= RedBrick Limited =

Role-playing game publisher

RedBrick Limited was a New Zealand game company that produced role-playing games and game supplements. The company moved to the United States in 2010 and established business as RedBrick LLC. In 2018, RedBrick Publishing – the successor to RedBrick's earlier incarnations – started operations.

==History==
FASA Corp granted RedBrick Limited an Earthdawn license in 2005 after they submitted a proposal. RedBrick named their line "Earthdawn Classic" to differentiate it from an Earthdawn edition published by Living Room Games and to emphasize that they were emulating the original art styles and setting of the original FASA products. RedBrick began publication on this line with their Earthdawn Player's Companion (2005). Earthdawn had two companies in 2005 and 2006 simultaneously publishing material for the setting, but it was not long before RedBrick was the only remaining publisher of the game.
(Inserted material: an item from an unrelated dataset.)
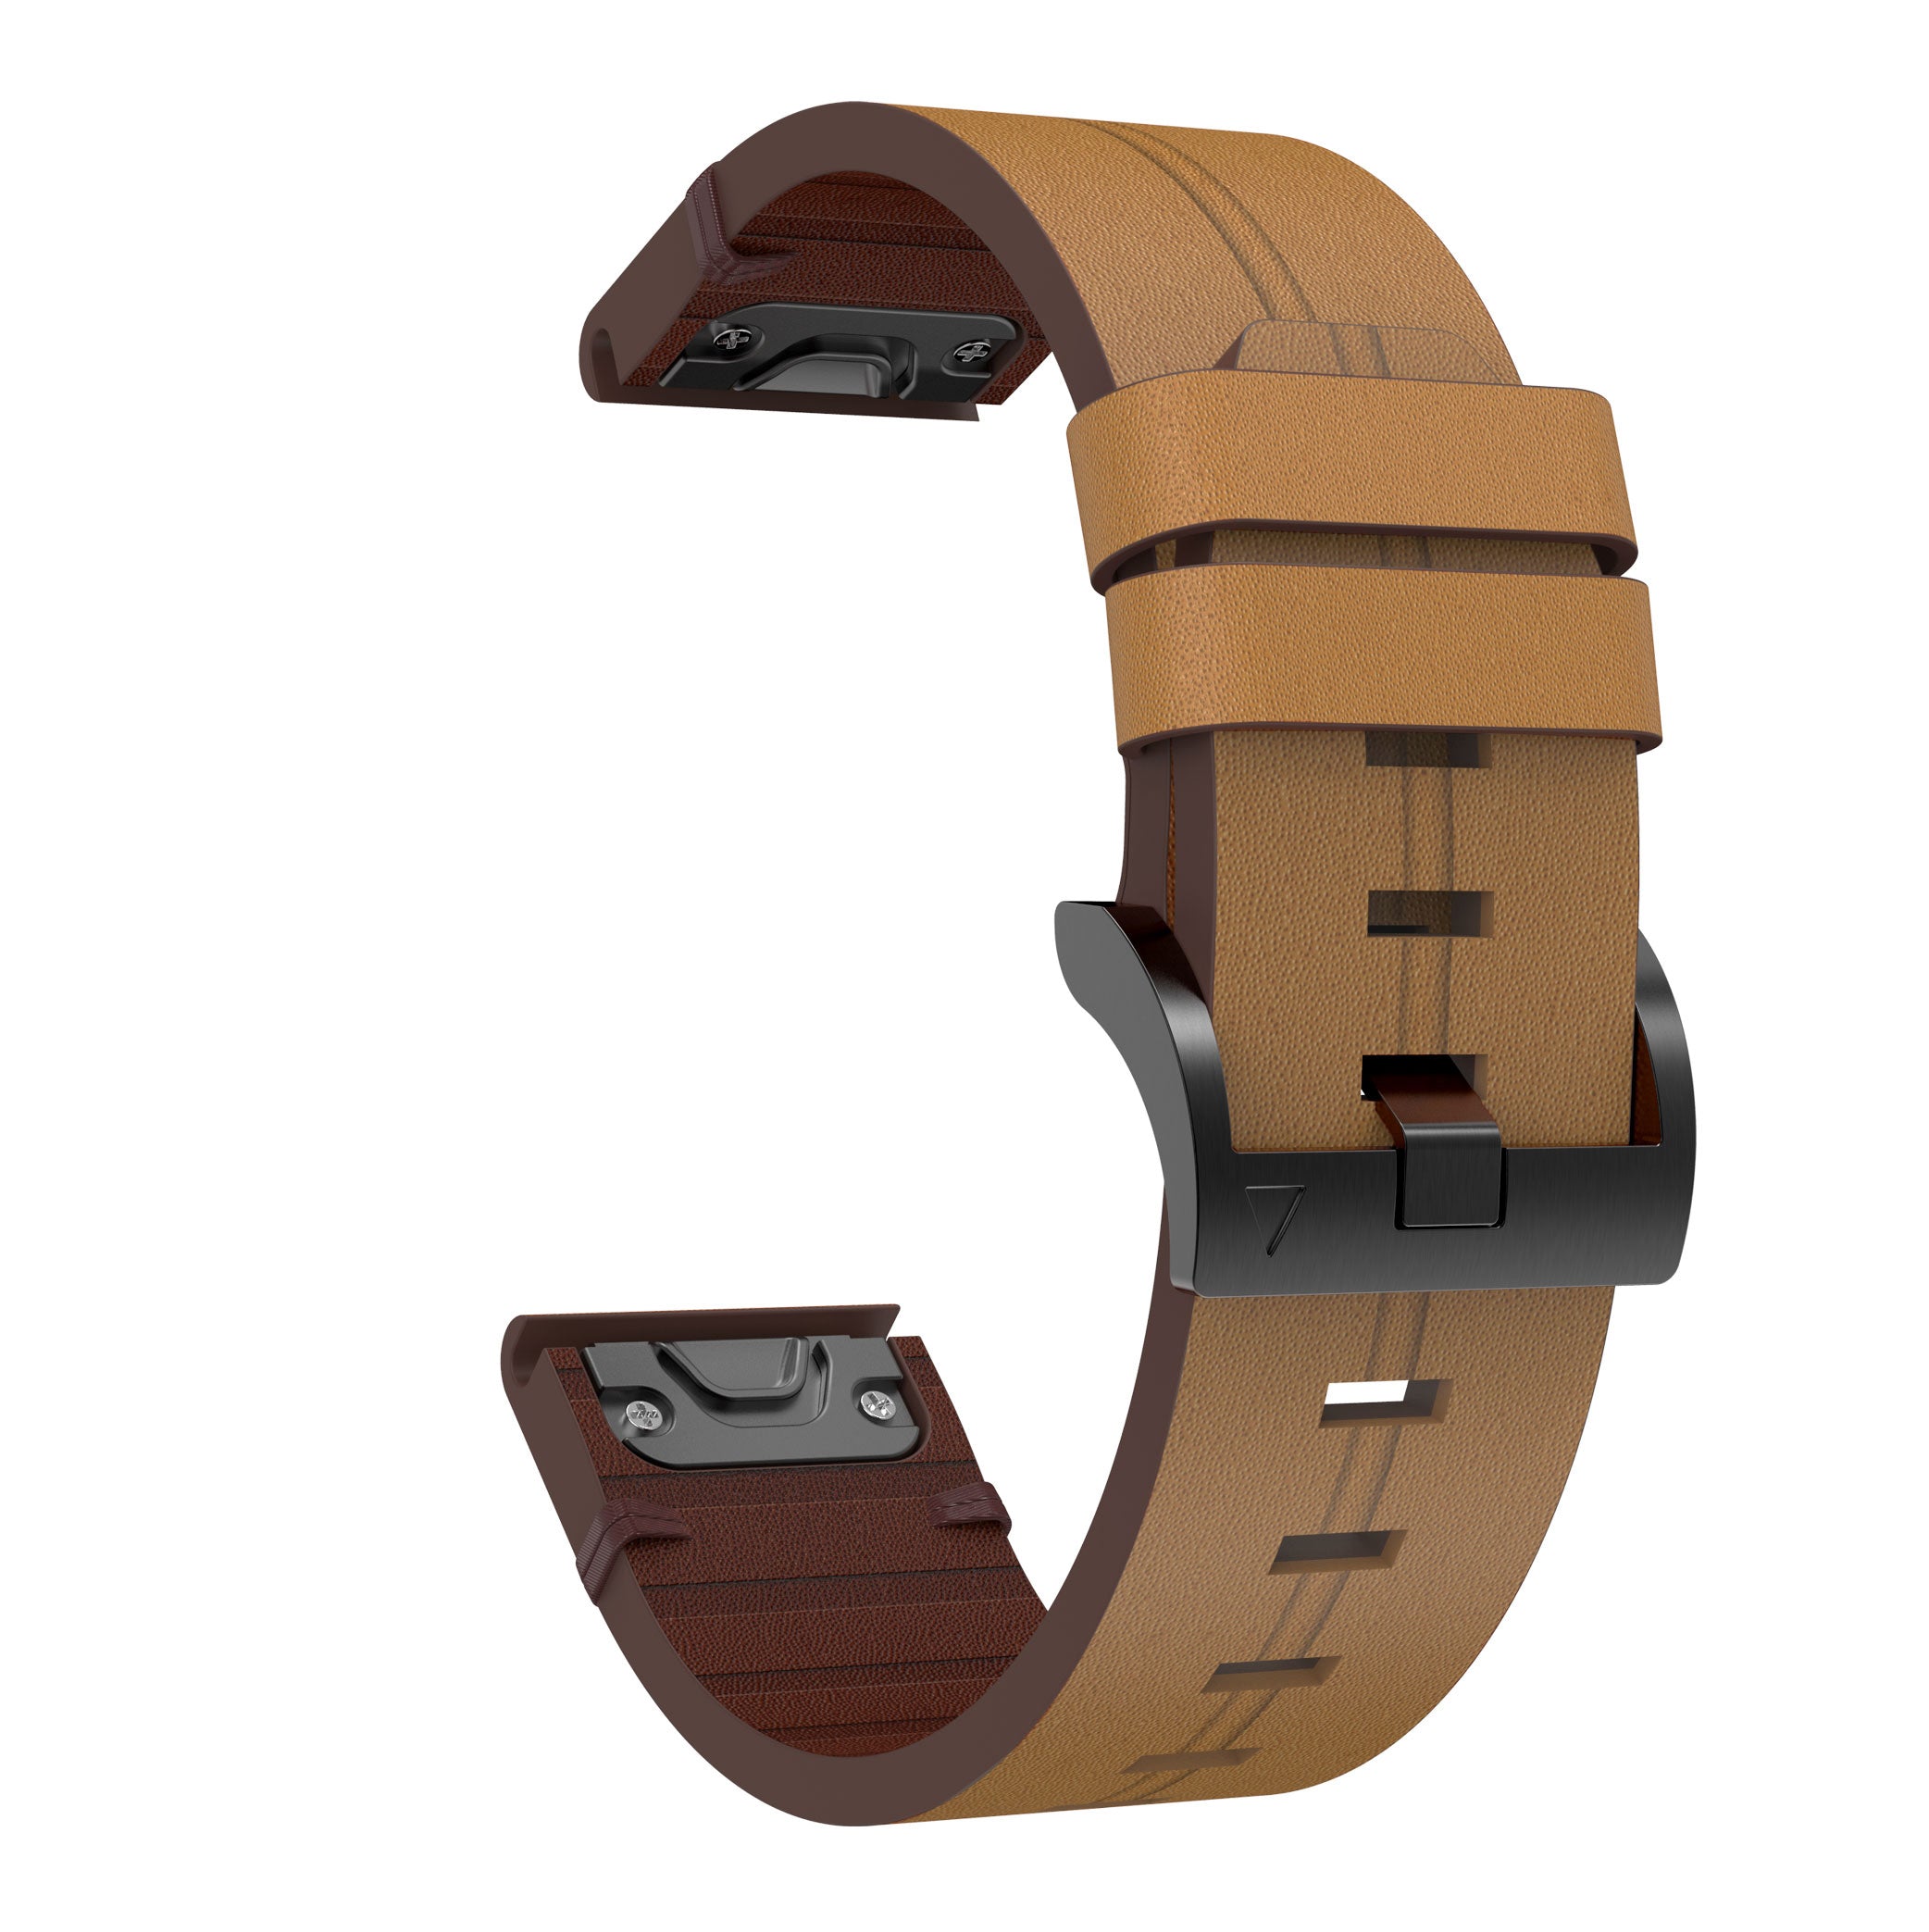 Genuine Leather Smart Watch Replacement Band for Garmin Fenix 6X - Brown

Holistic Design licensed Fading Suns to RedBrick Limited in 2007, and RedBrick stated their intention to publish new supplements utilizing the original Victory Point System, along with a third edition of the game, and began releasing adventures in PDF in 2007. RedBrick continued to publish their edition of Earthdawn through 2009, at which time they published a third edition of Earthdawn using the Flaming Cobra program at Mongoose Publishing for distribution. RedBrick Limited brought several of their publications to Mongoose to publish through Flaming Cobra, starting with their third edition of Earthdawn. RedBrick LLC officially ceased operations in 2012 after RedBrick's owners set up a new business with one of the founders of FASA Corporation, transferring their licenses to the nascent FASA Games, Inc.